Treasury Inspector General for Tax Administration
July 29, 2010
TIGTA - 2010-40
Contact: Karen Kraushaar
WASHINGTON - The economic downturn and an increasing number of taxpayers with complex tax issues contributed to a decline in revenue collected by the Internal Revenue Service (IRS) in fiscal year (FY) 2009, according to a report publicly released today by the Treasury Inspector General for Tax Administration (TIGTA).
TIGTA's annual statistical analysis found that gross collections declined to $2.35 trillion in FY 2009 compared with $2.75 trillion in FY 2008. However, many other indicators showed mixed or positive results.
The IRS also collected fewer dollars on delinquent taxpayer accounts in FY 2009 while gross accounts receivable rose and more taxpayers' delinquent accounts were placed in a holding file for unassigned inventory. However, the IRS increased its use of collection enforcement tools and closed more investigations of delinquent taxpayers.

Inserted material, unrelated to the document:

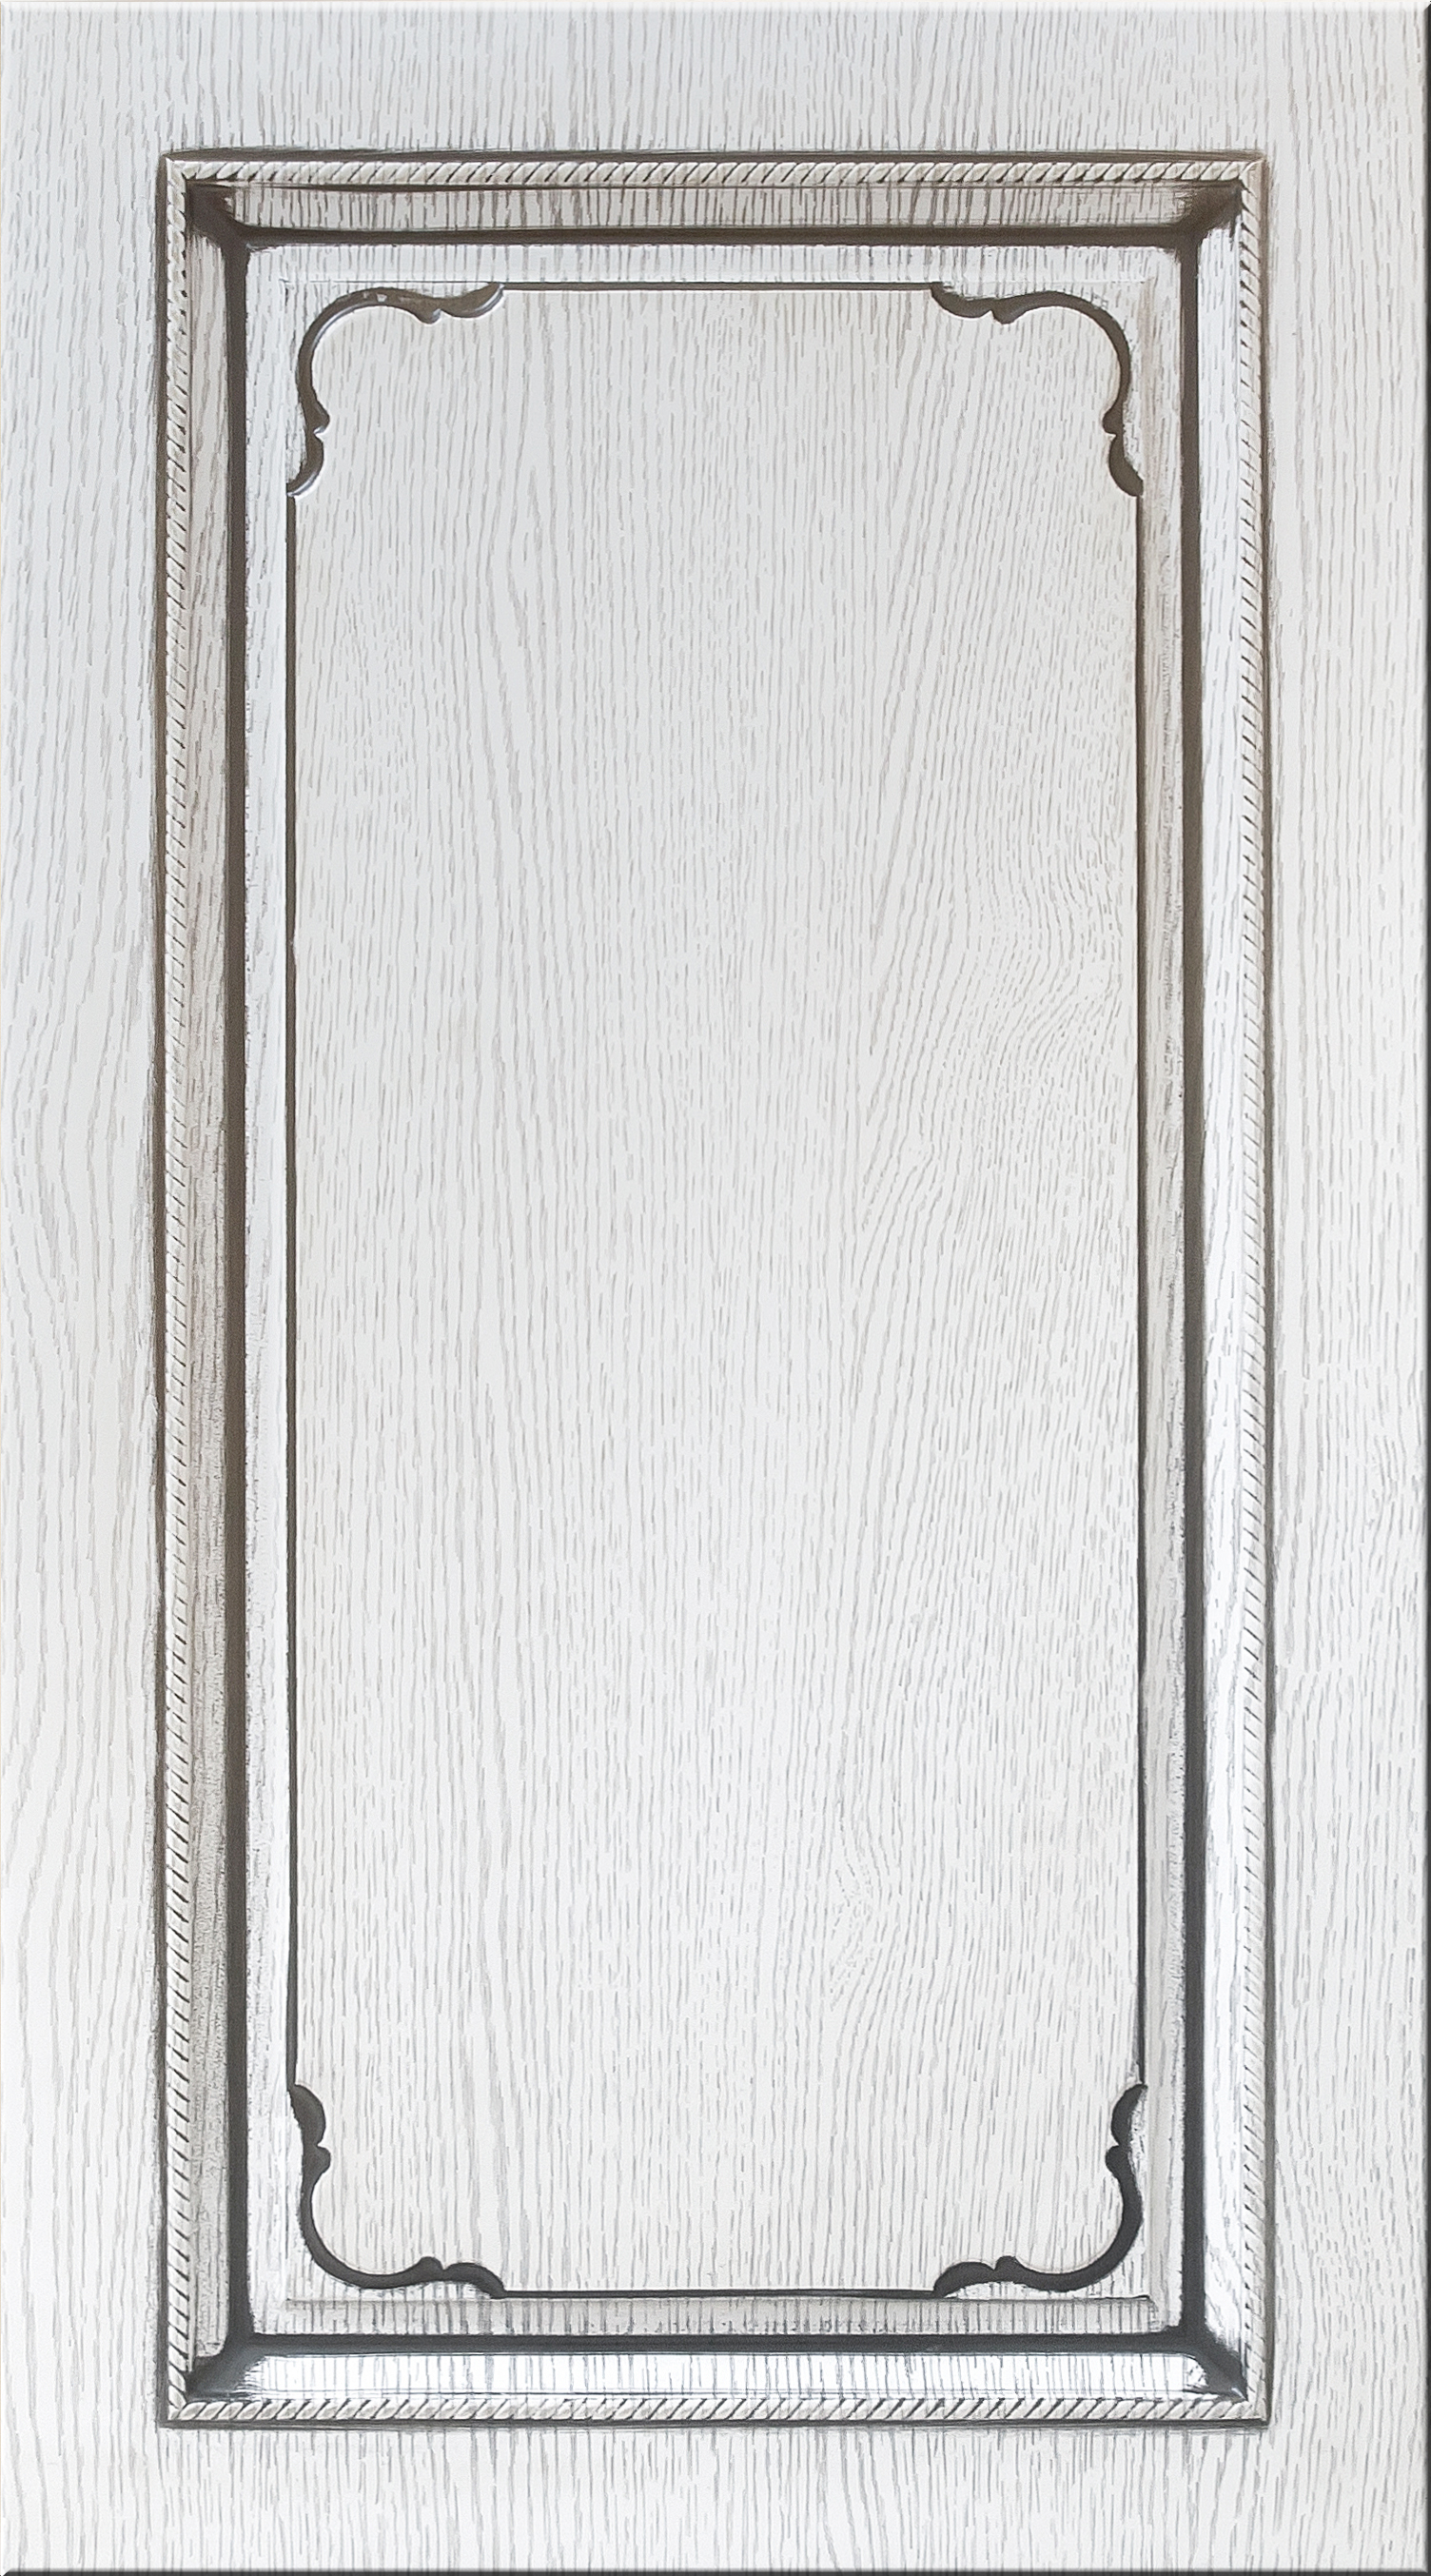 Фасады в пленке ПВХ, Фрезеровка № 54, цвет Патина премиум, патина - серебро

"It is understandable that the Internal Revenue Service is collecting less money, since the economic recovery is still a work in progress," said J. Russell George, the Treasury Inspector General for Tax Administration. "Under these circumstances, continued efforts to improve compliance will be even more important to reducing the Tax Gap."
Compared to a slight decrease in FY 2008, the overall percentage of tax returns examined increased slightly during FY 2009, returning to approximately FY 2007 levels.
TIGTA did not make any recommendations in this report, and the IRS did not provide any comments on the draft report.